Along with fake marble benches, that reinforce a theatrical moment, the show unfurls: different personal clouds mix and swirl around, a formless mass with an ambivalent presence. The dynamics of their movements, echoes of human presence, are televised from inside a bunker-like concrete structure and rendered on a computer screen, as if in the process of being archived for the future. This monitoring conjures up the ideas of Jacques Derrida, that memory, like any archival system is dominated by power structures, and an economy of knowledge. Like the way old pictures in family albums inform our memory to an extent that we can‘t decide if we remember the image or the actual event, access to information has an influence on our memory, showing the duplicity of construction and deconstruction of not only our individual but, more importantly, our shared social memory.

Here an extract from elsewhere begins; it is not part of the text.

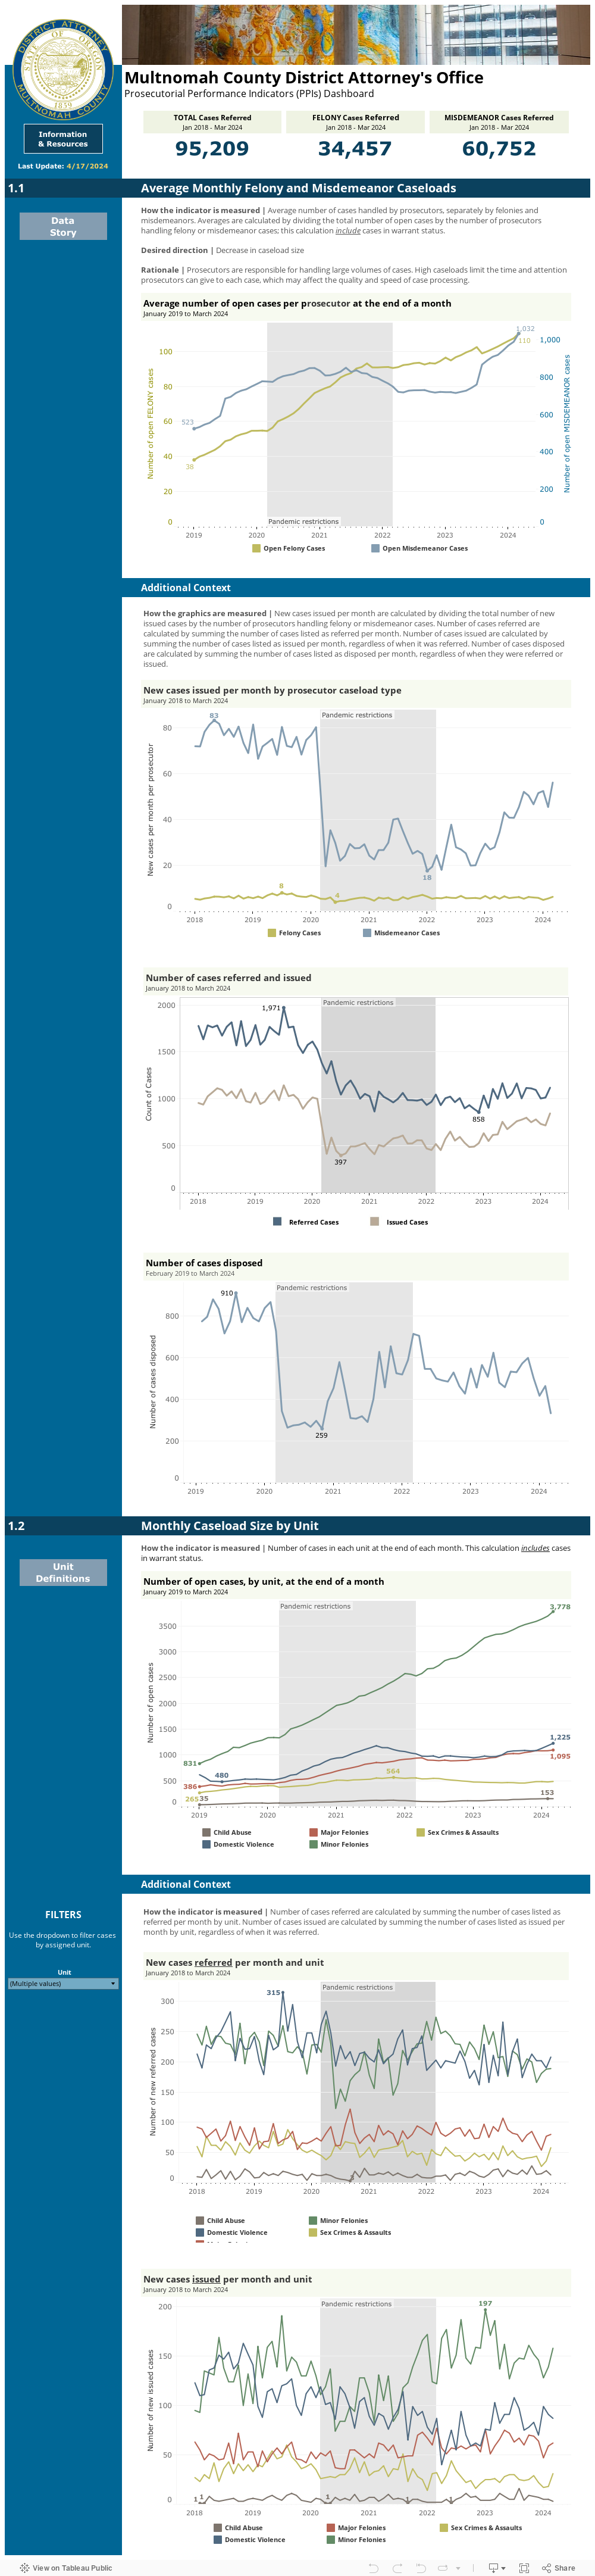                    Multnomah County District Attorney's Office                         Prosecutorial Performance Indicators (PPI) Dashboard

This common social memory is under constant negotiation, that as a process incorporates constantly changing historical views, reflecting heterogeneous representations of the past as potentially contradicting narratives of cultural experience. The world as an archive constitutes all the pieces that could compose the memory of the future, but power structures determine the evaluation of what pieces of memory are supposed to stay with us, and which objects will bridge the gap to our past, or contribute to the invention of narrative to replace it. The past constructed from the archives is more distant than the subjective personal memory, with all levels of the emotional truth. The archive maps and remaps truth, producing a discourse on authority, constructing a singular narrative of the past, while at the same time deconstructing the past with all its plurality.

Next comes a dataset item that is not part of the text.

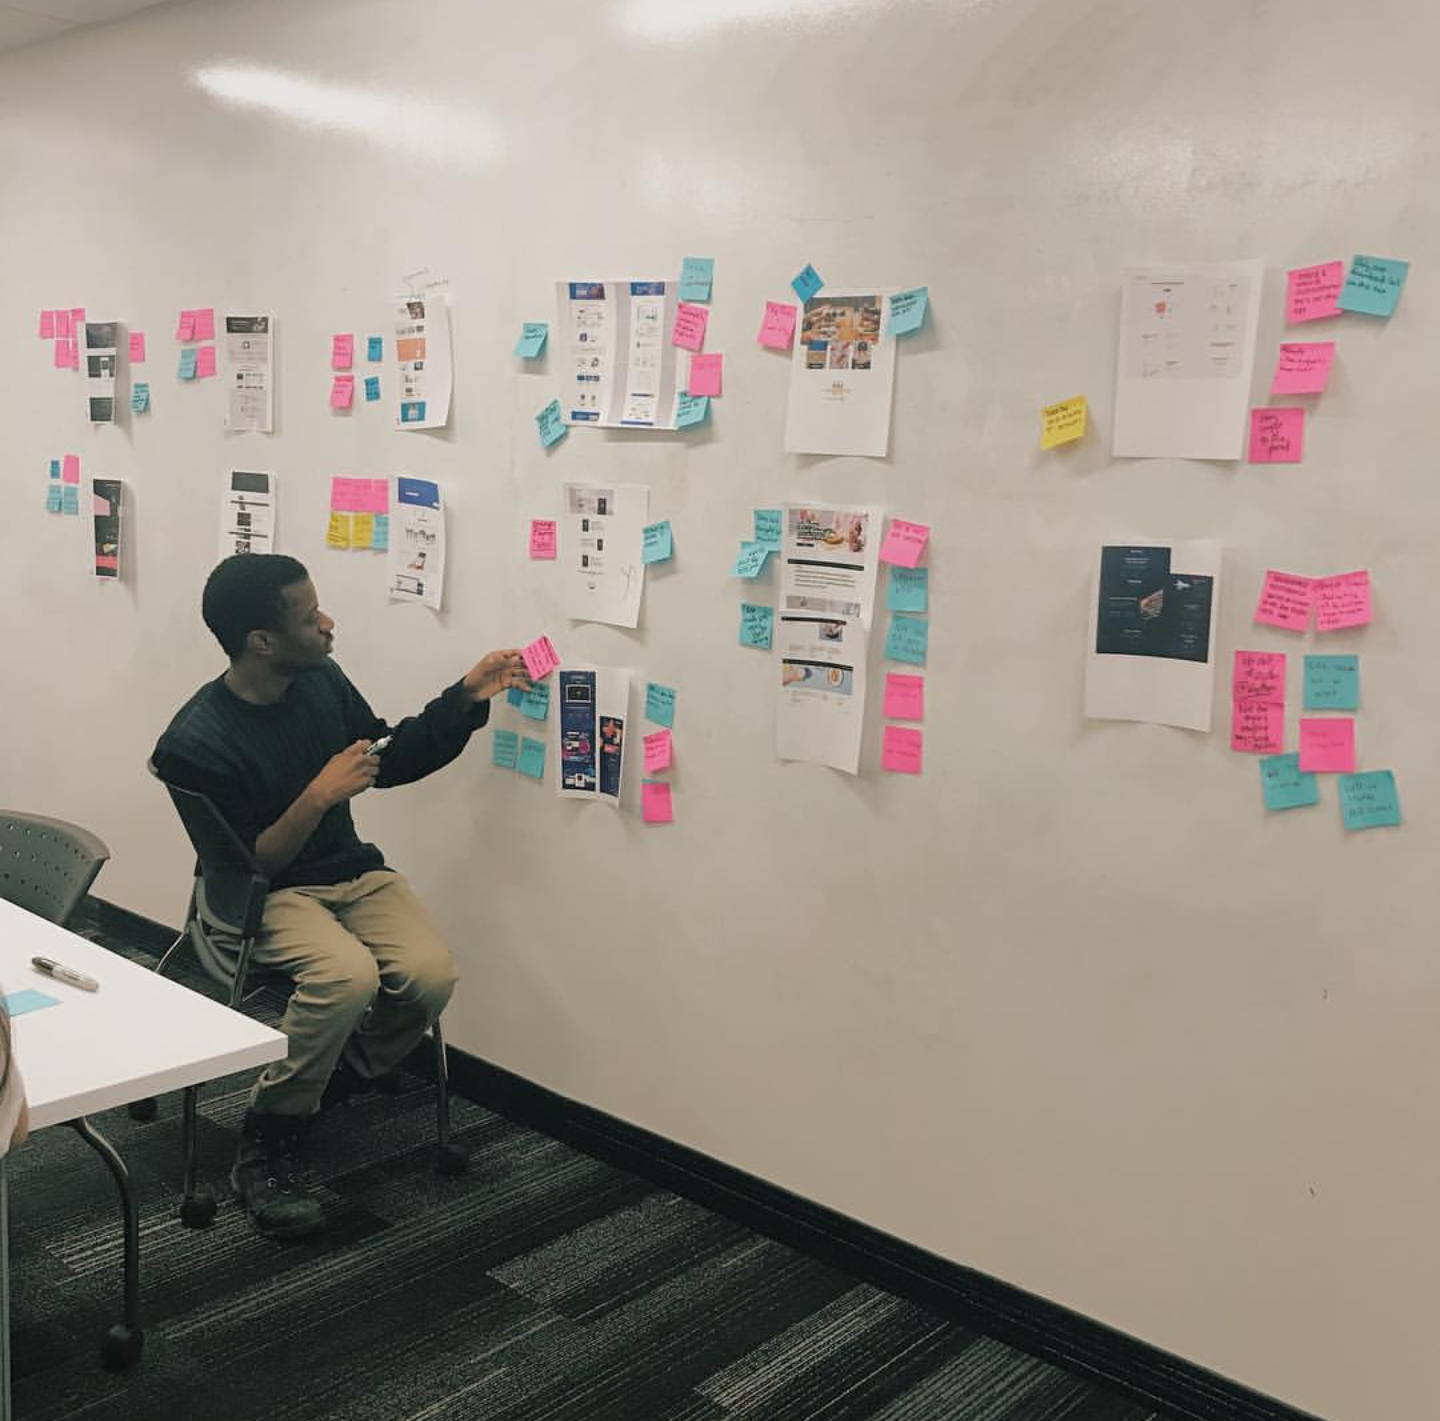  Mackenzie Derival working on a UX project in a design studio setting.

What Troels Sandegård’s work shows us is that beyond memory we physically carry with us our personal cloud of the personal and environmental detritus of our lives. We contribute to our own archive every day, but also to the common history - and the artist invites us to reflect on it, by staging a show of what we have worn down, exhaled and sweated out. Like the way rocks hitting against each other in the sea, reduce each other to bits, will produce sand that is washed up to form beautiful beaches, he makes a performance of our way of life and the drama of our presence on this planet, that appears to amount to little more than reducing our environment to dust. His work traces the outlines of our personal clouds, and shows it to be an inherently post-Fordist drama: a tragical circus of consumption, self-consumption and destruction - possibly the smallest show on earth. But incorporating nothing less than everything.

 

By Andreas Schlaegel

In relation with the exhibition ECHOES at Gallery Christina Wilson, fall 2007.